One of the most popular — and dangerous — draft strategies in triple-Battle for Zendikar was the feared White-Black Lifegain strategy. It seems innocuous at first because, after all, who’s scared of a 1/2 for two mana? It turns out, when that 1/2 is Kalastria Healer, pretty much everyone.
The strategy was less obvious than many of its contemporaries, driven by Devoid synergies or the landfall mechanic. In fact, many of the cards in the white-black deck could also be used in other decks, so the necessary pieces wouldn’t always come together.
But when they did, the deck was a thing of a beauty. Boards full of Kalastria Healer — the lynchpin of the plan — alongside other synergistic cards like Serene Steward or Stone Haven Medic put up the defenses very quickly, and things would slowly snowball out of control thanks to things like Angel of Renewal, Vampiric Rites or Bloodbond Vampire.
As strong as the archetype was in Battle for Zendikar, all bets were off once Oath of the Gatewatch hit the scene. With only one pack to find your critical Kalastria Healers, would the archetype be able to survive the new additions?
A quick walk around the top tables at Grand Prix Mexico City says that the answer is a resounding “yes.”
With two packs of Oath of the Gatewatch in every draft, it falls to the new cards to carry the archetype, and there are some more than reasonable replacements, or as the case usually ends up being, additions to those core cards from Battle for Zendikar.
Enter Ondu War Cleric. Not only is it a passable Grizzly Bear in battle, it fills a similar role to Stone Haven Medic, with the downside of needing another creature but the upside of not costing mana. It’s the most common two-mana play for the new iteration of the deck, and one that is already filling opponents with dread at what’s to come.

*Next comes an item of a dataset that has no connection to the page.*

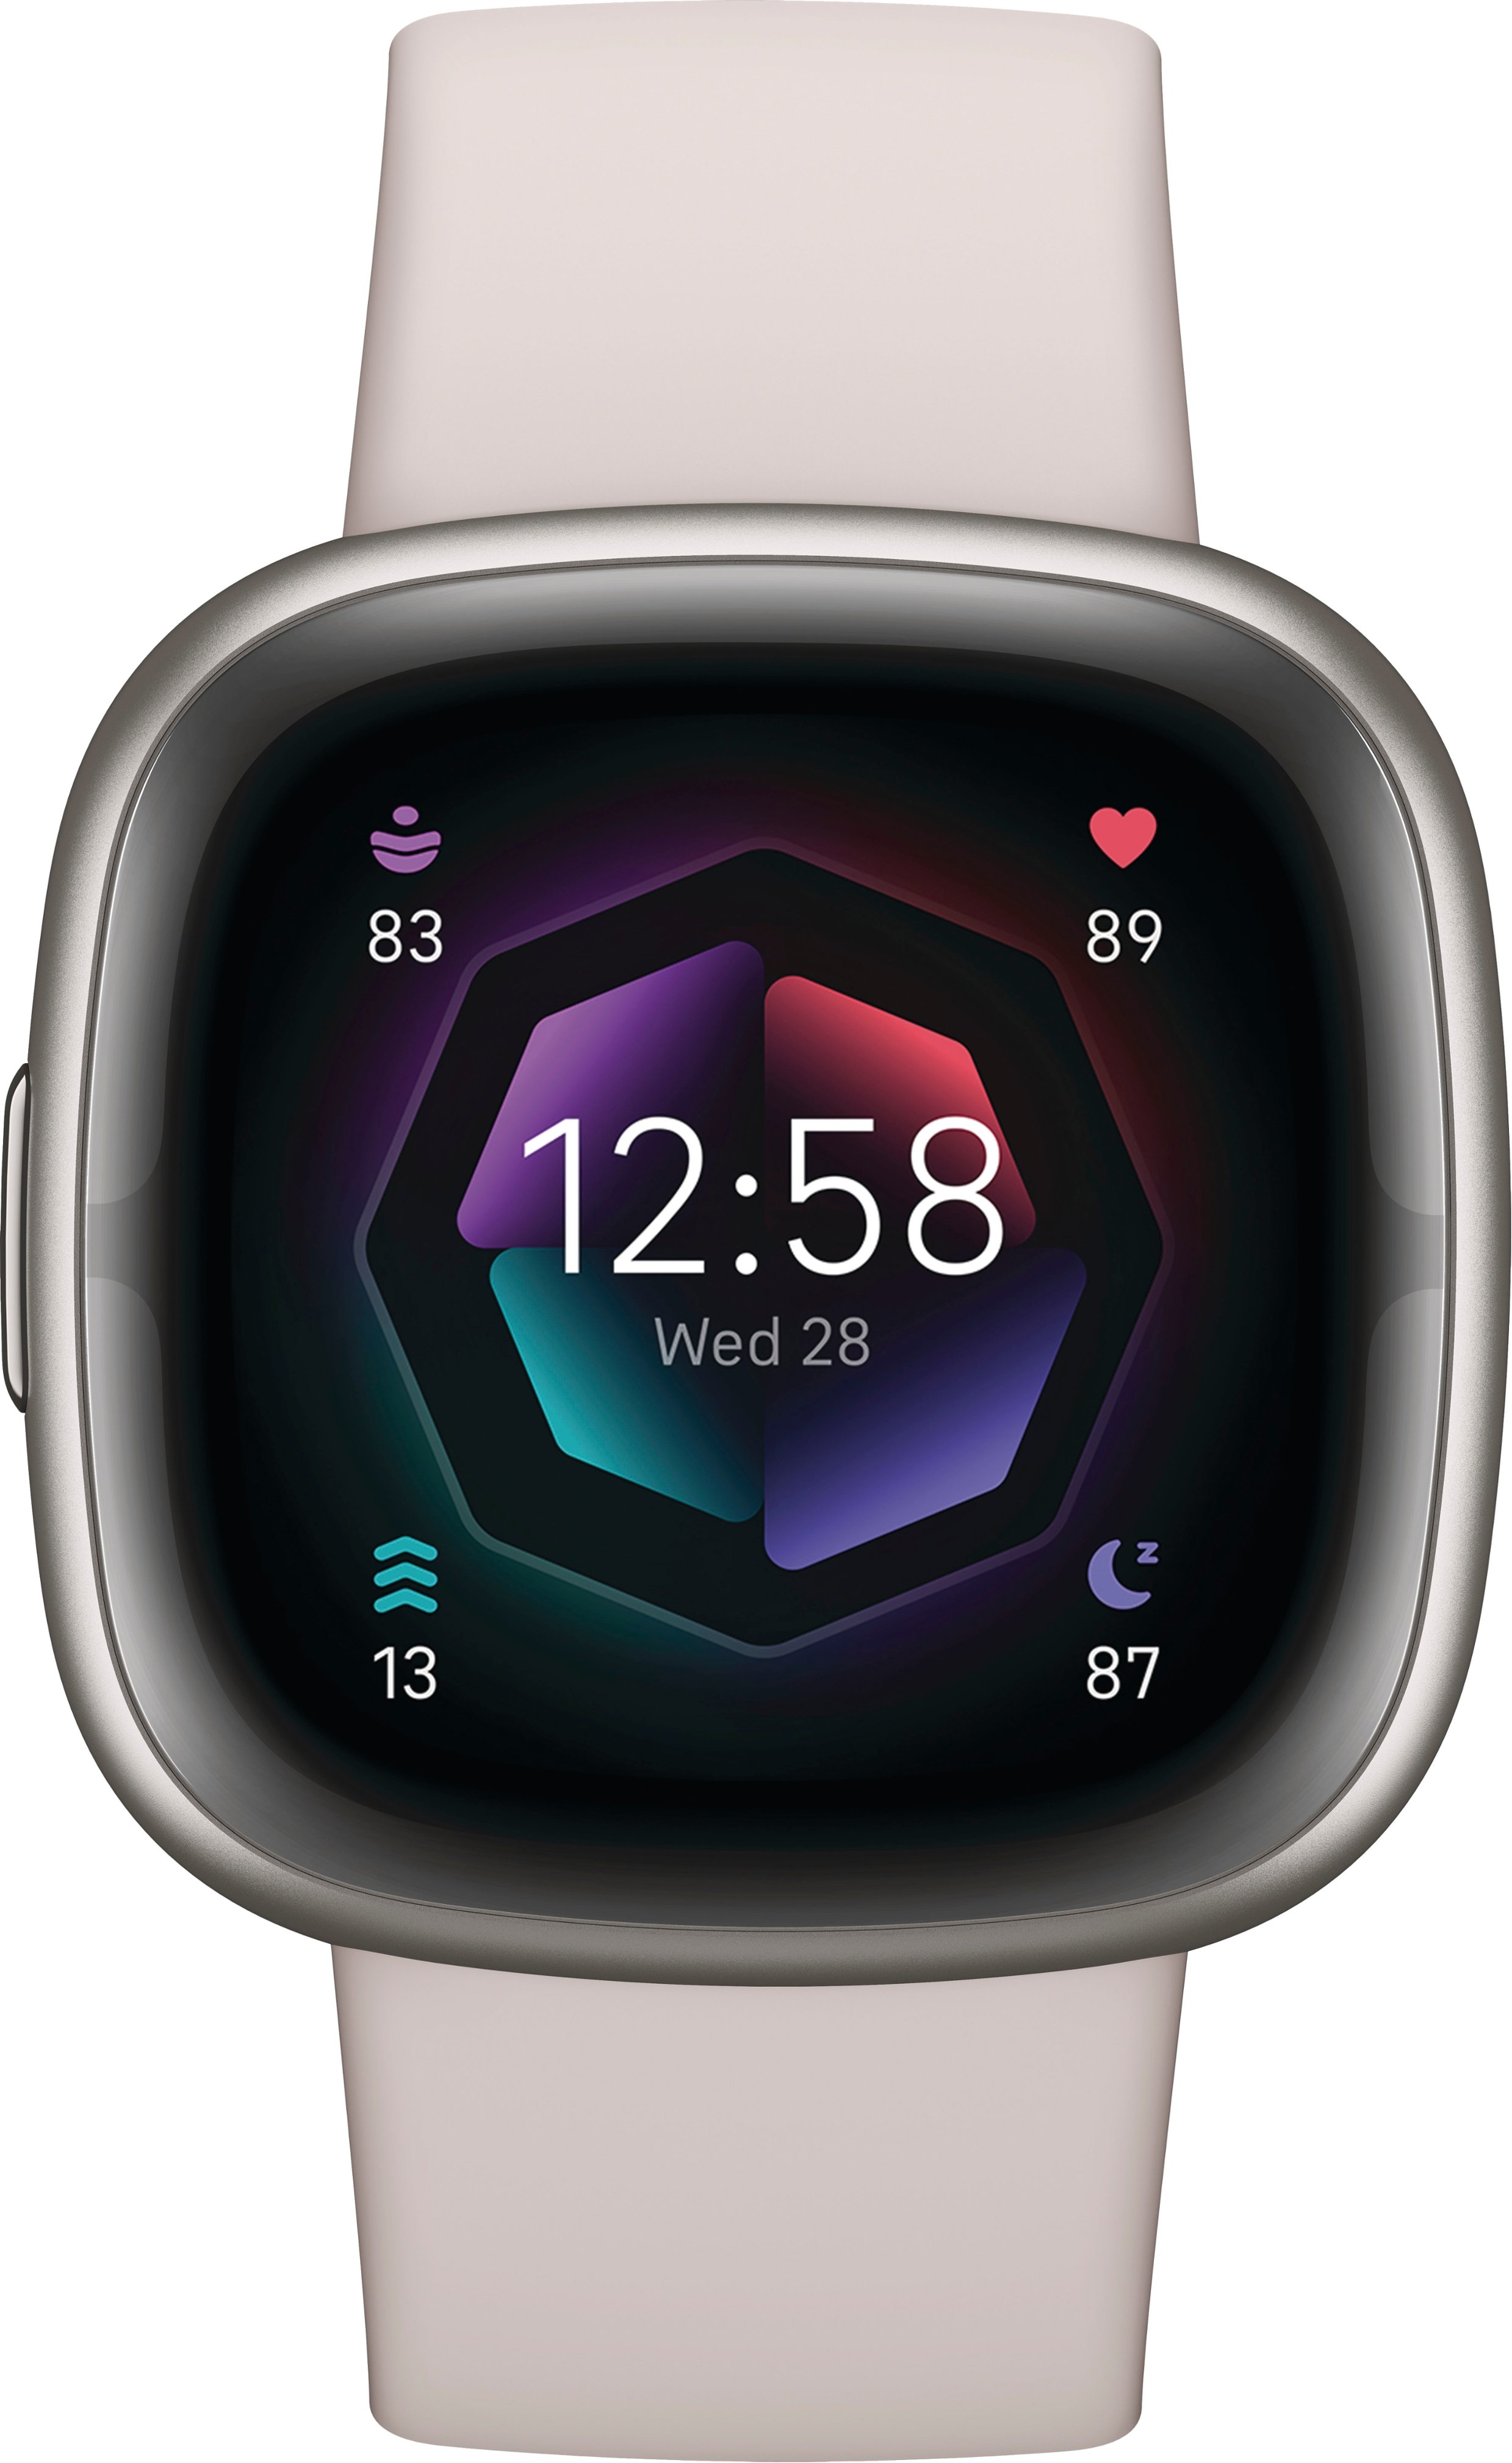 Buy Fitbit Versa Lite FB415SRGY Smart Watch at Reliance Digital-cacanhphuclong.com.vn

While Ondu War Cleric may be the backbone, there are plenty more hits to round out the deck. Another common in Spawnbinder Mage locks down the board through both its Cohort ability as well as its 2/4 body, putting up the defenses long enough for the deck’s synergy to really take off.
Malakir Soothsayer is that payoff. It has teamed up with Vampire Envoy all weekend to “effectively” draw a card for free, with the Envoy’s lifegain trigger offsetting the Soothsayer’s downside, while also triggering the rest of the deck’s lifegain-based abilities.
Those abilities include Cliffhaven Vampire, which fulfills a similar role to Drana's Emissary in Battle for Zendikar, with the benefit of having a much larger body, one that is again ideal for blocking and slowing down the game.
“It’s definitely one of the decks to look out for, and strong when you can get it,” Pro Tour Dragons of Tarkir champion Martin Dang said as he prepared to draft in the Top 8 of the tournament. “This format is much slower, and the lifegain deck is very good at going late in the game.”
It’s too early to tell where exactly the white-black plan fits in the pantheon of Oath of the Gatewatch strategies, but after six draft rounds on Sunday at Grand Prix Mexico City, it’s definitely a contender.